By John Terauds on September 8, 2012

Maltese tenor Joseph Calleja is part of today’s Last Night of the Proms festivities in London (Paul Zammit Cutajar photo)

It’s debatable whether classical music and opera are enhanced in a meaningful way by 3D presentations, but it’s worth checking it out in two very different forms at participating Cineplex theatres, starting with the famously energized Last Night of the Proms from Royal Albert Hall in London.

LAST NIGHT OF THE PROMS

The BBC Proms has to be the finest festival of classical music in the world, a summer-long affair that draws thousands into Royal Albert Hall, Cadogan Hall and ancillary venues, as well as being broadcast on BBC Radio 3.

The whole affair comes to its joyously crashing conclusion this evening (that 2:30 p.m.
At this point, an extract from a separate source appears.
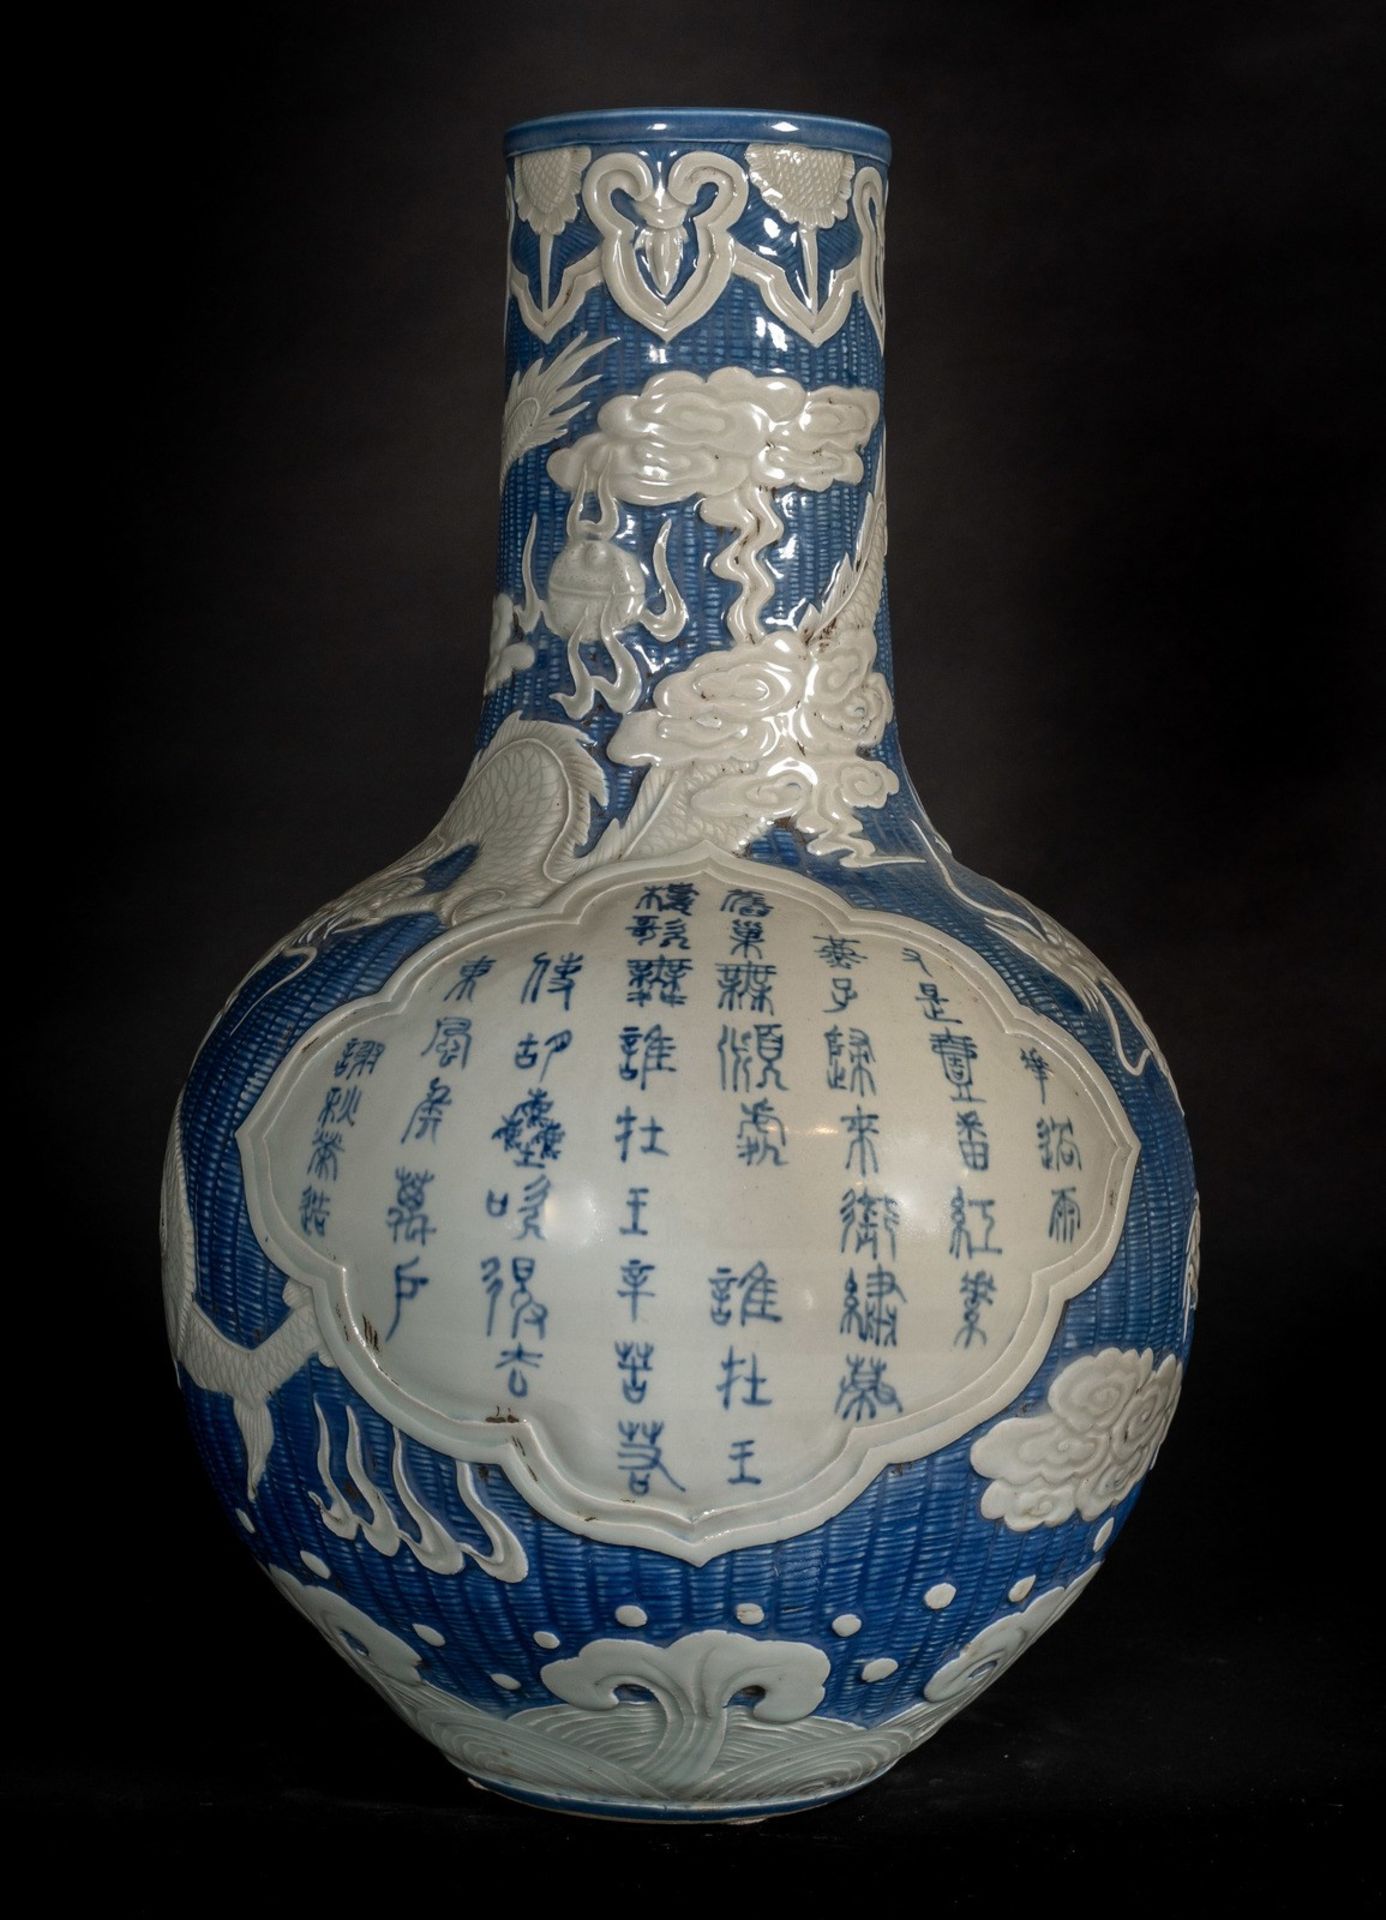 Arte Cinese A blue and white porcelain tianchuping globular vase with dragon and inscription China,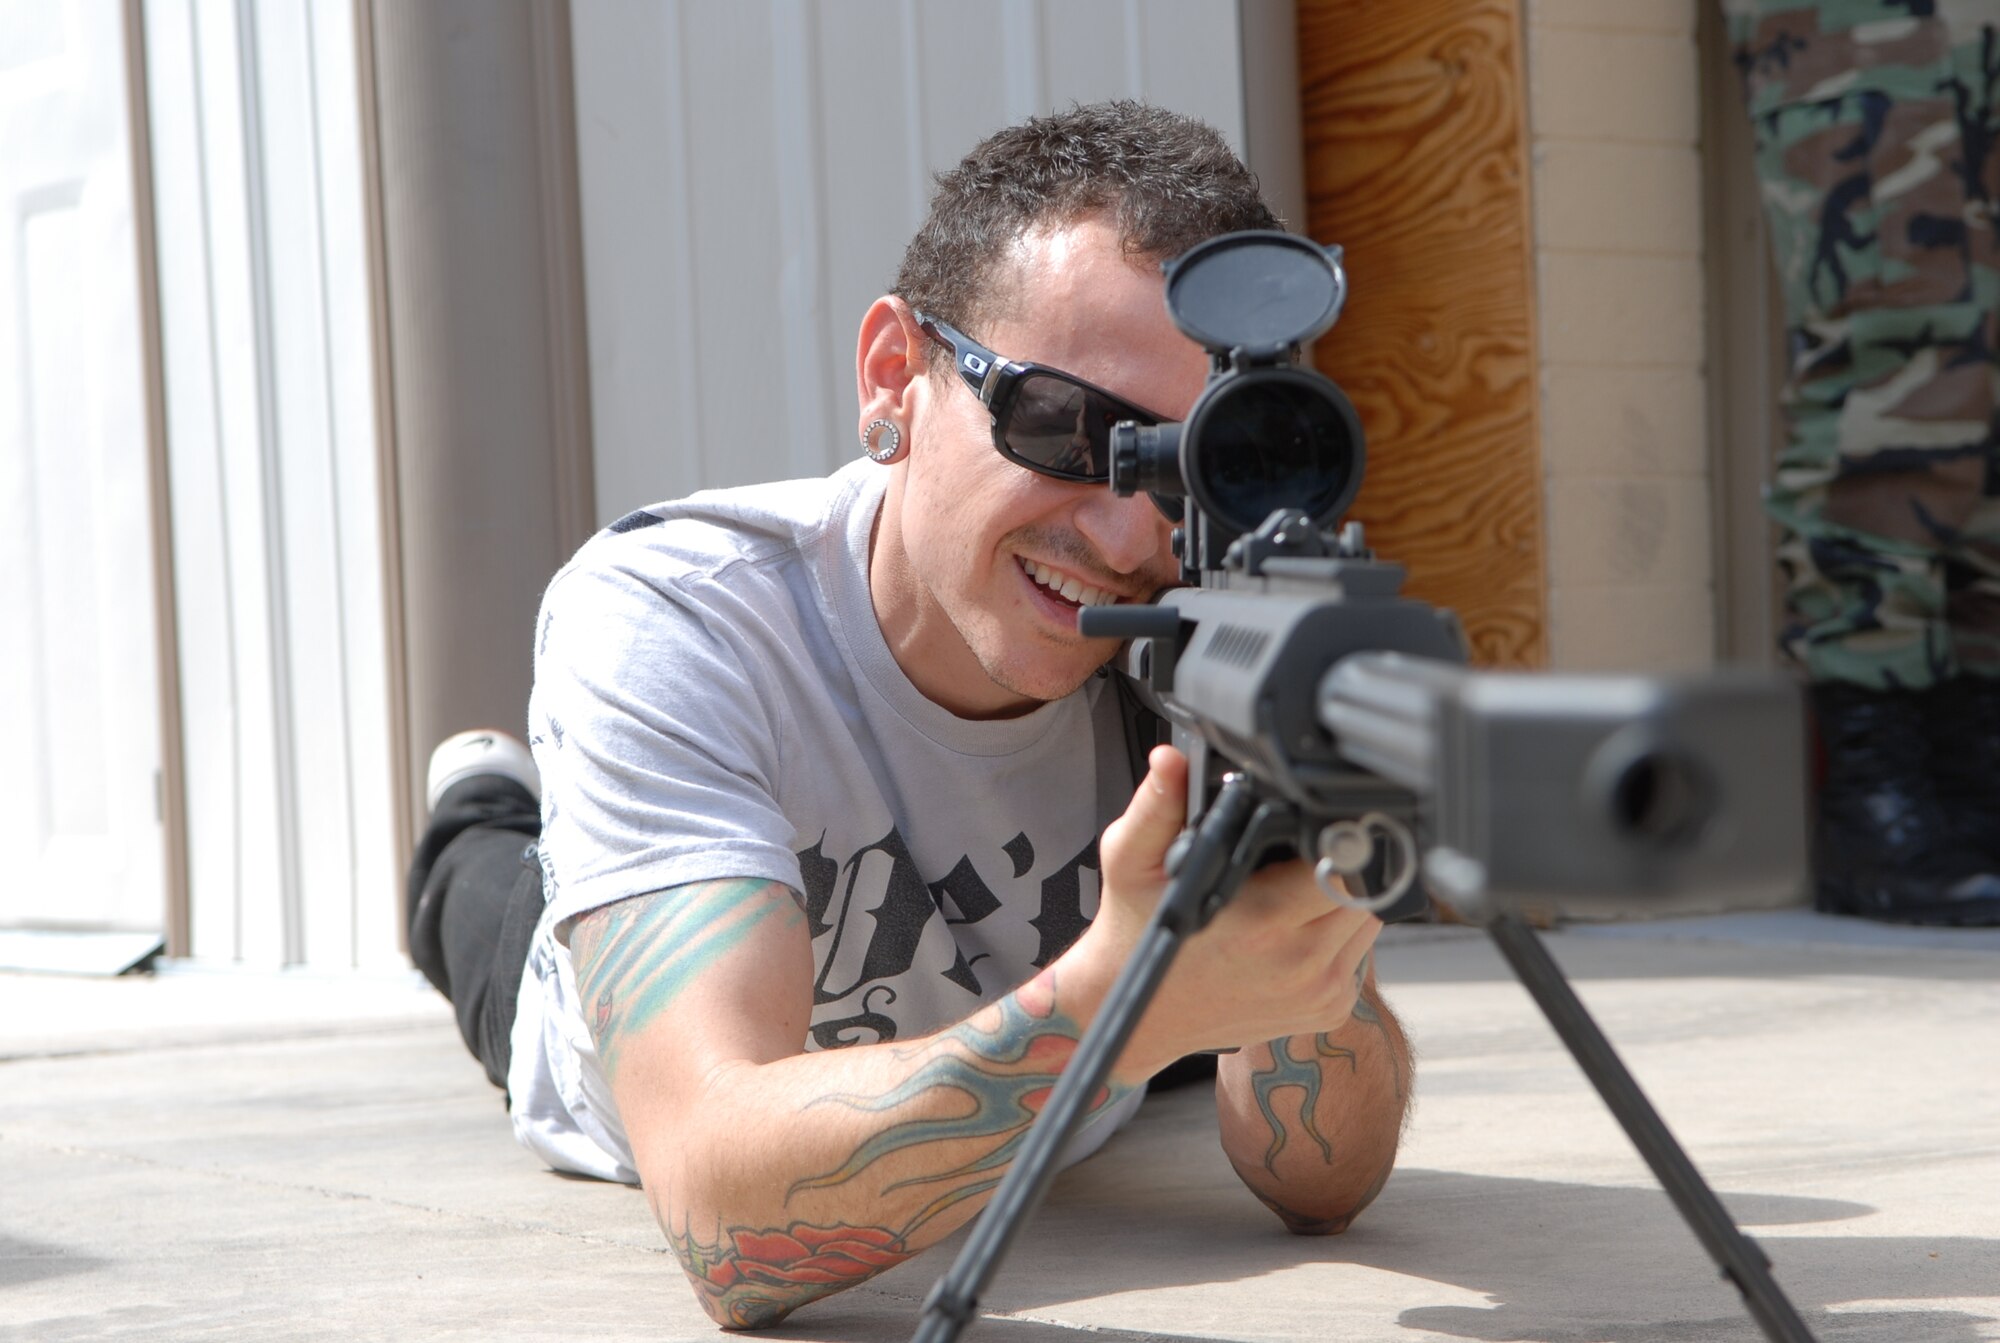 Linkin Park's lead singer, Chester Bennington, focuses his sight on his target during a tour of Luke April 1.

Eastern) in a three-and-a-half-hour concert featuring young British violin sensation Nicola Benedetti (playing Bruch’s Violin Concerto No. 1) and Maltese tenor Joseph Calleja (singing warhorse arias from Tosca and Turandot, Mario Lanza’s  vintage hit “Be My Love,” as well as Rodgers and Hammerstein’s “You’ll Never Walk Alone”).

There are frothy orchestral solos for the BBC Symphony and conductor Jirí Belohlávec, including the mandatory “Land of Hope and Glory” Pomp and Circumstance March No. 1 by Edward Elgar and C.H.H. Parry’s Jerusalem.

There are five Cineplex cinemas (closest to downtown is the SilverCity at Yonge and Englinton) hosting the live screenings in 3D, captured by eight cameras that will swirl amongst the performers and audience.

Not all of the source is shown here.